Copy out the data that comes next, character for character, and leave the images aside.

### RECORDED INFORMATION:
_ _ _ _ _ _ _
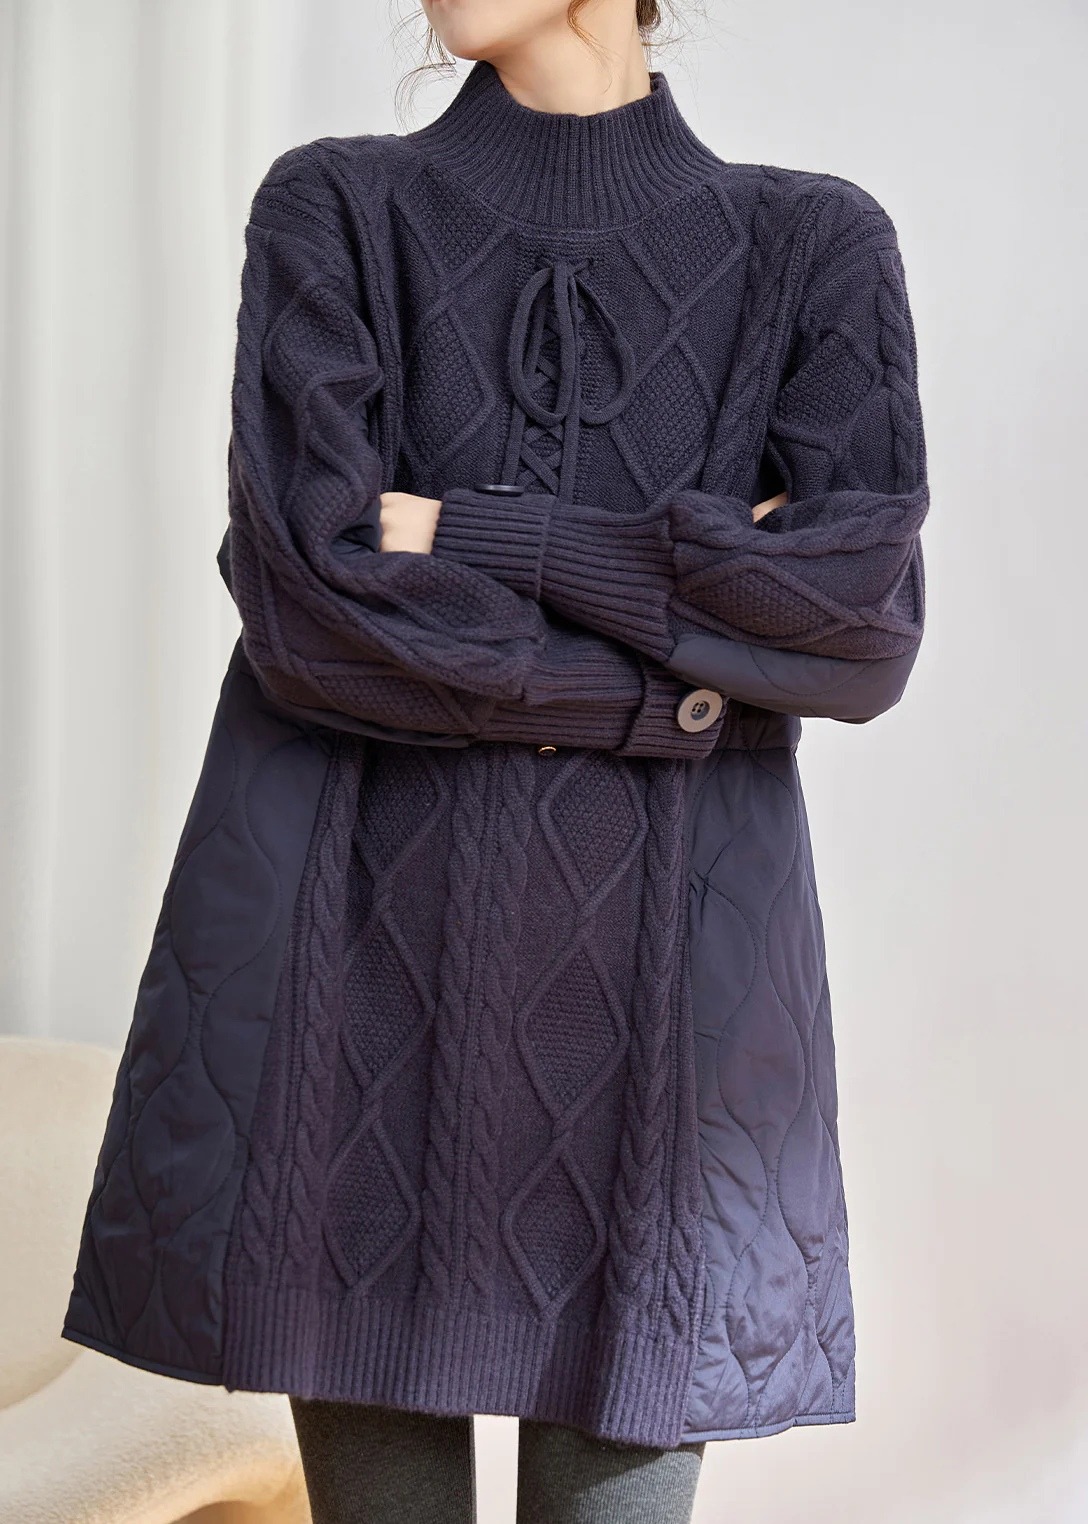 Вязаное платье со вставками из ткани. Схема узора
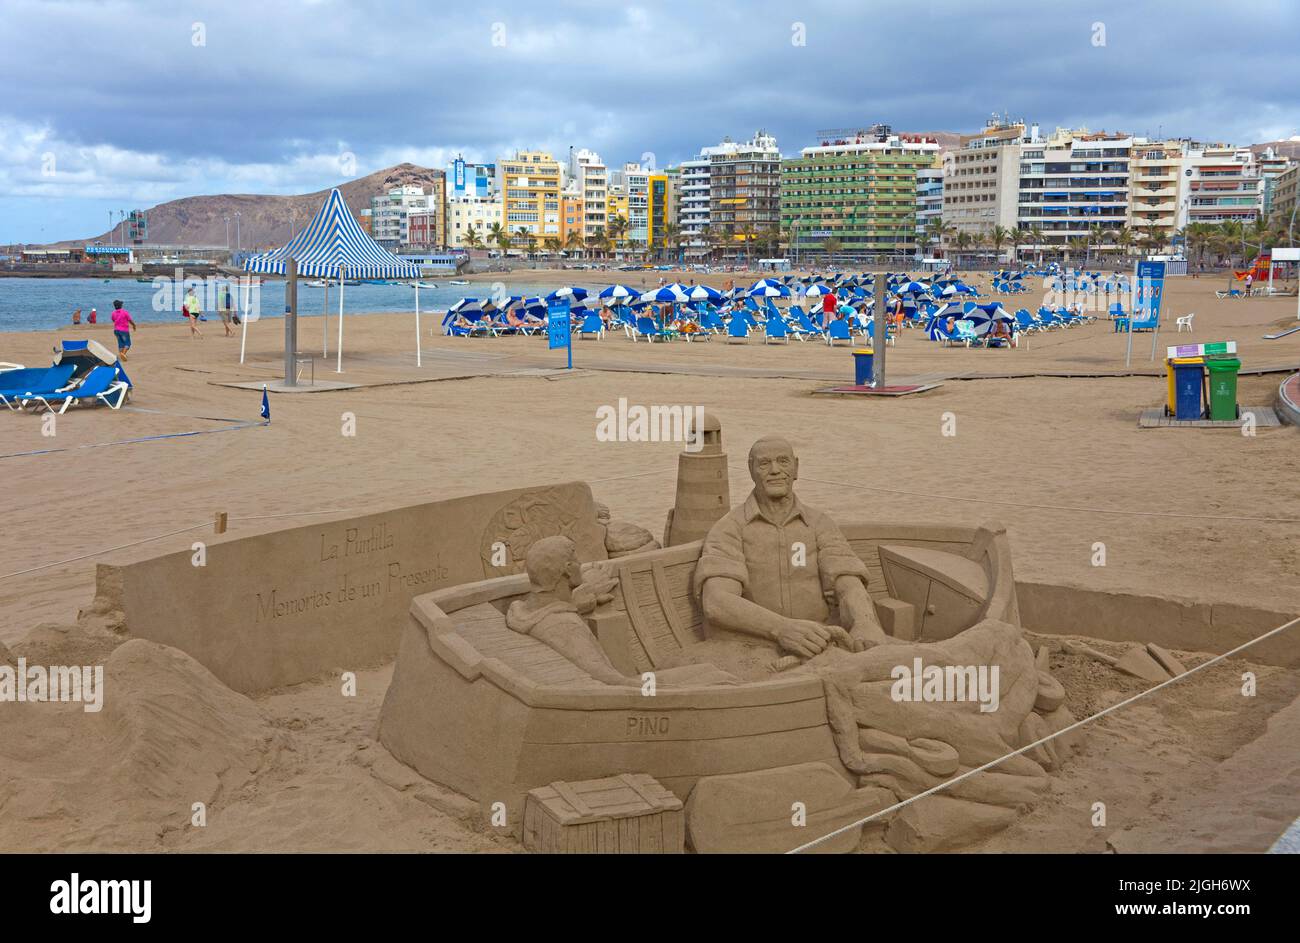 Sandkunst, Fischer in einem Fischerboot aus Sand, Playa de las Canteras, Stadtstrand von Las Palmas, Grand Canary, Kanarische Inseln, Spanien, Europa Stockfoto
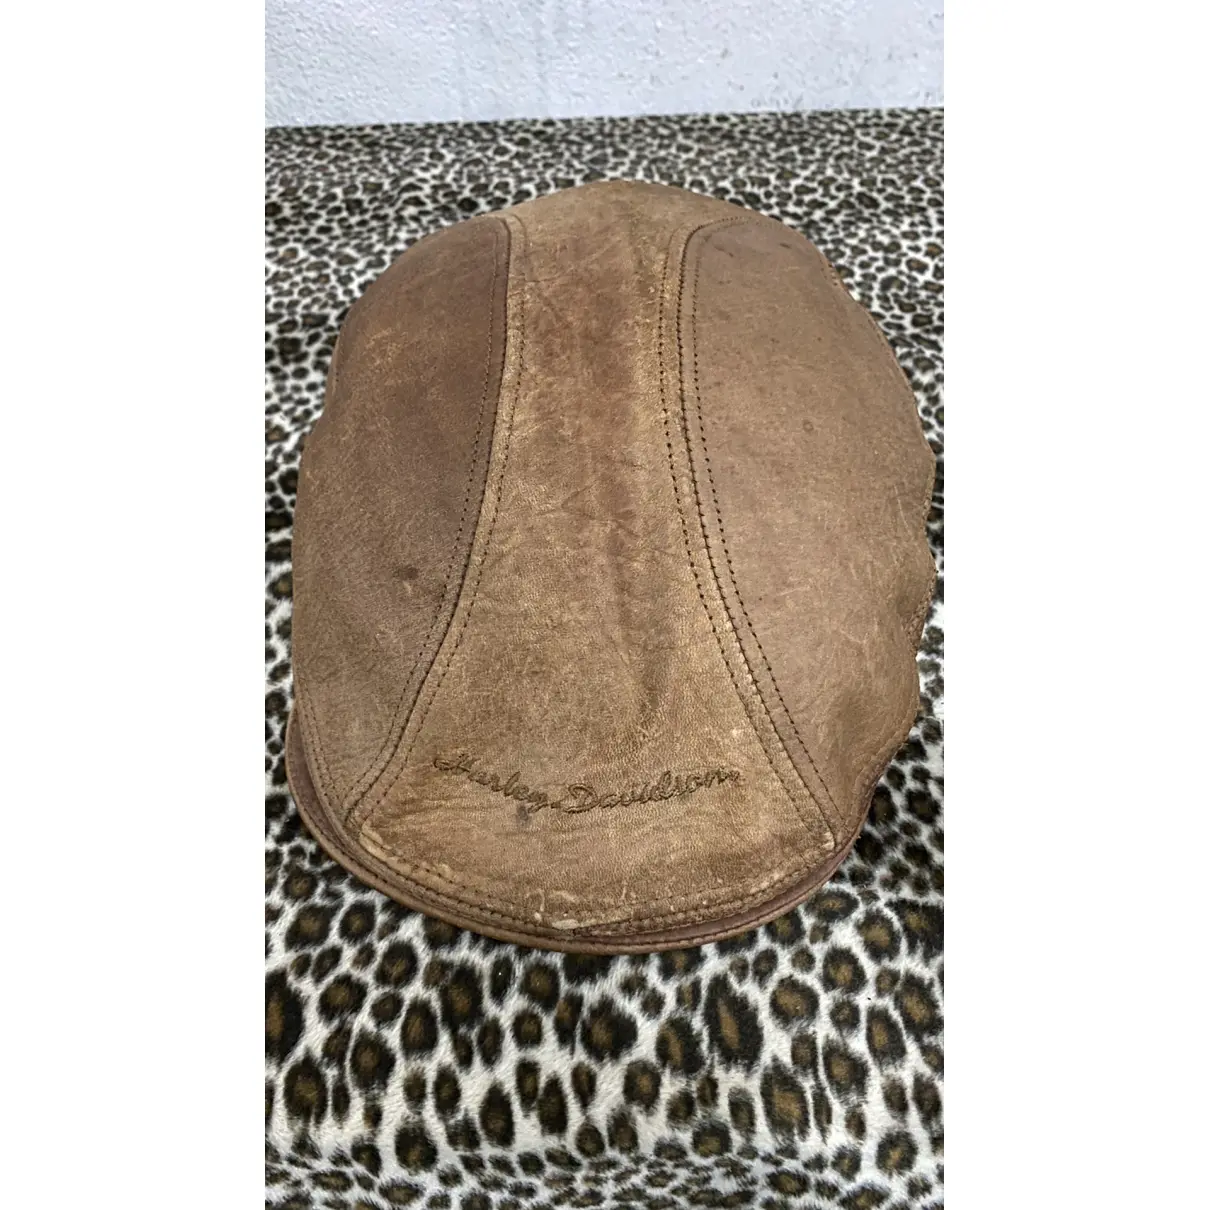 Leather hat HARLEY DAVIDSON - Vintage
_ _ _ _ _ _ _
### ANSWER BOX:
 Вязаное платье со вставками из ткани. Схема узора
 Sandkunst, Fischer in einem Fischerboot aus Sand, Playa de las Canteras, Stadtstrand von Las Palmas, Grand Canary, Kanarische Inseln, Spanien, Europa Stockfoto
 Leather hat HARLEY DAVIDSON - Vintage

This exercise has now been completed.